Here, our proposed solution focused on the detection of guava disease from visual symptoms followed by a curative solution recommendation. Several necessary steps described in the subsections below are combined to make the recognition process more accurate.
A. Image Acquisition Most of the images for this proposed work were captured by us and some are collected from the internet. A Nikon D7200 DSLR (24.2megapixel, ISO 100 - 25,600, liquid crystal display: 3.2 in. diagonal, 1,228,800 dots, wide viewing angle, thin-film transistor-based liquid crystal display, TFT-LCD screen, 6 frame per second shooting capacity, 24×16 mm image sensor, 51 point autofocus system) camera with 18-140 mm lens is used to capture these photographs at diverse locations and situations. In order to distinguish healthy fruit from diseased ones, one more class was added in the dataset. It contains only images of healthy guavas. So, we are performing a multiclass classification having 4 different class labels, three for the diseases and one for benign guava. Some sample images from our dataset are shown in Figure 3.
To pull off better performance from our CNN model the dataset needs to be divided into training, validation and test set using the holdout method. We have collected 10000 images for our dataset comprising 2500 images for every class label. 1800 images for each class has been deployed for training the model. 200 images have been used for validation set and 500 images are used for test set to analyze the performance of the model. The resolution of the images have been sliced down to a square 350 × 350.
Some images may contain cluttered scene, hence, we employed manual zooming in and cropping to segment out only the desired fruit region
C. Elimination of Over-fitting Overfitting causes the model to learn the noise of training data too well but very weak in generalizing features to classify. Resulting in a high accuracy for training set but nowhere near accuracy in test set. To eliminate the barrier, different classical methods have been used in our model to boost the accuracy. 1) Image Augmentation: We have imposed data augmentation on the training dataset to improve overall prediction accuracy and reduce the overfitting problem. As shown in Figure 4 re-scaling, shearing, height shifting, width shifting, zoom, rotation, horizontal flip etc. techniques are used to augment data.
D. Fitting & Matching CNN has already been proved as state-of-art approach in solving image recognition and classification problems.

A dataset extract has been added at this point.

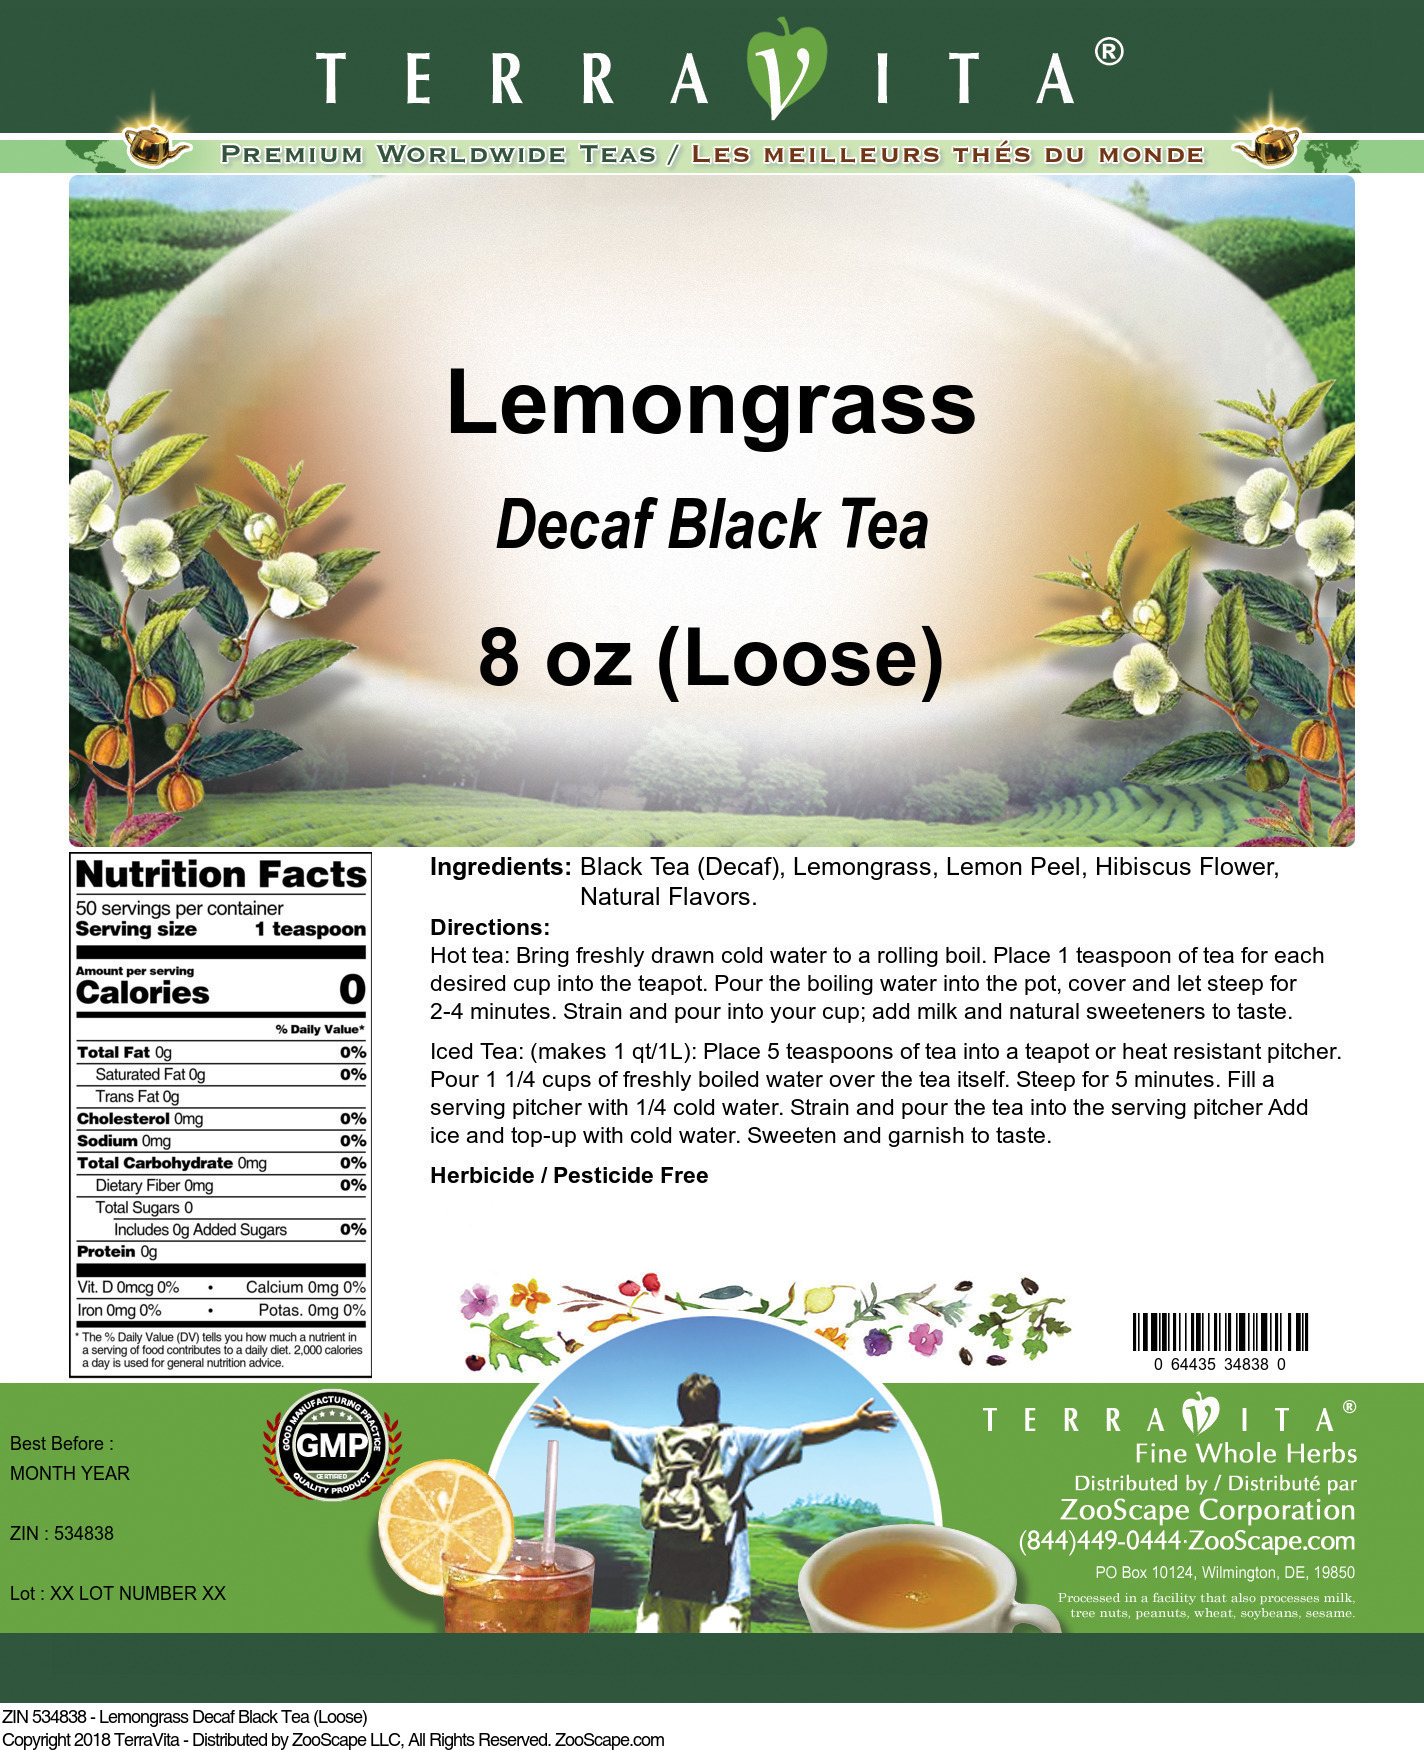 Lemongrass Decaf Black Tea
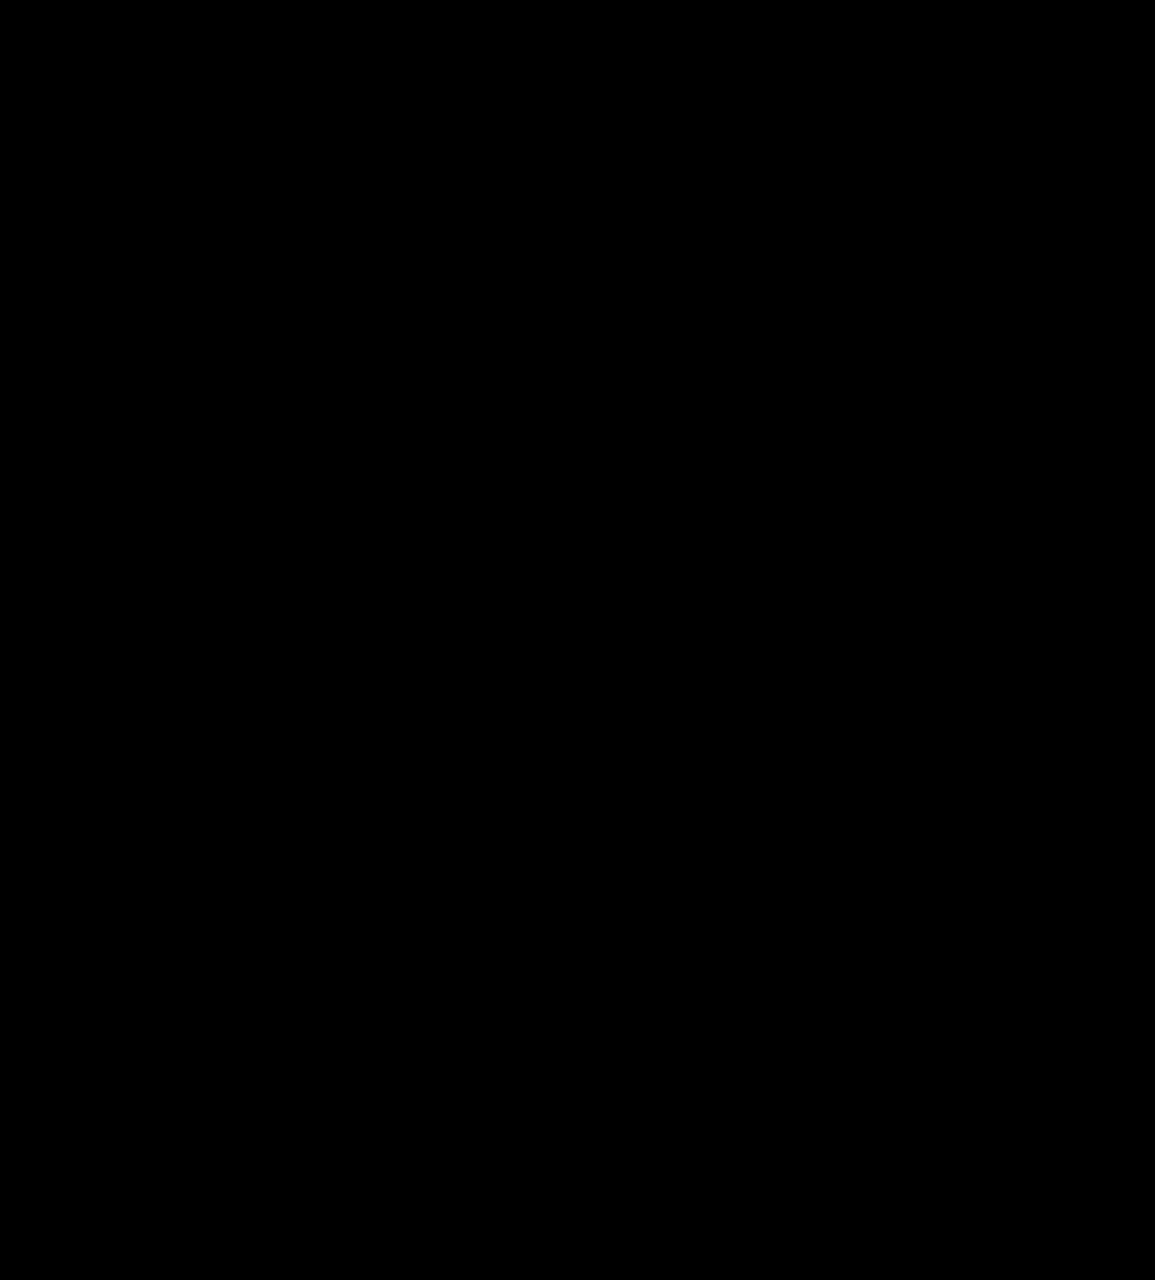 Computer clipart outline. House icons clip art

The overall network contains several layers each of which has one or more planes. Input layer takes all training images as input and each unit in a plane receives input from the previous layer. The receptive field for each plane are formed using weights and at every points in the plane these weights are forced to be equal. Each plane can be considered as a feature map with a fixed feature. Each layer consists of multiple planes to detect multiple features. These layers are known as convolutional layers. The exact location of each feature is less considerable after detecting it. Then, local averaging and subsampling operation are performed in next layer. The backpropagation gradient-descent procedure is used to train network. The number of weights in the network is reduced by a connection strategy. For example, Le Cun et al. connect the feature maps in the second convolutional layer only to one or two of the maps in the first subsampling layer (the connection strategy was chosen manually).
IV. EXPERIMENTAL EVALUATION As shown in Table I have devised and deployed 3 CNN models for the disease detection system. All the three models have been executed for 50 epochs to make the model efficient for best possible results. The batch size of the image for every epoch is set as 32 and the optimizer used is Adam with the categorical loss function as the classification problem is multiclass. The learning rate is a very important factor for deep learning models as high learning rate yields longer jumps for the solutions that escapes the local optima whereas a low learning rate might cause slow convergence to the optimal solution. Keeping both the factors in play, we have applied three learning rates 0.01, 0.0001 and 0.001 respectively in the three models and found that the value 0.001 in the third model produce the best convergence.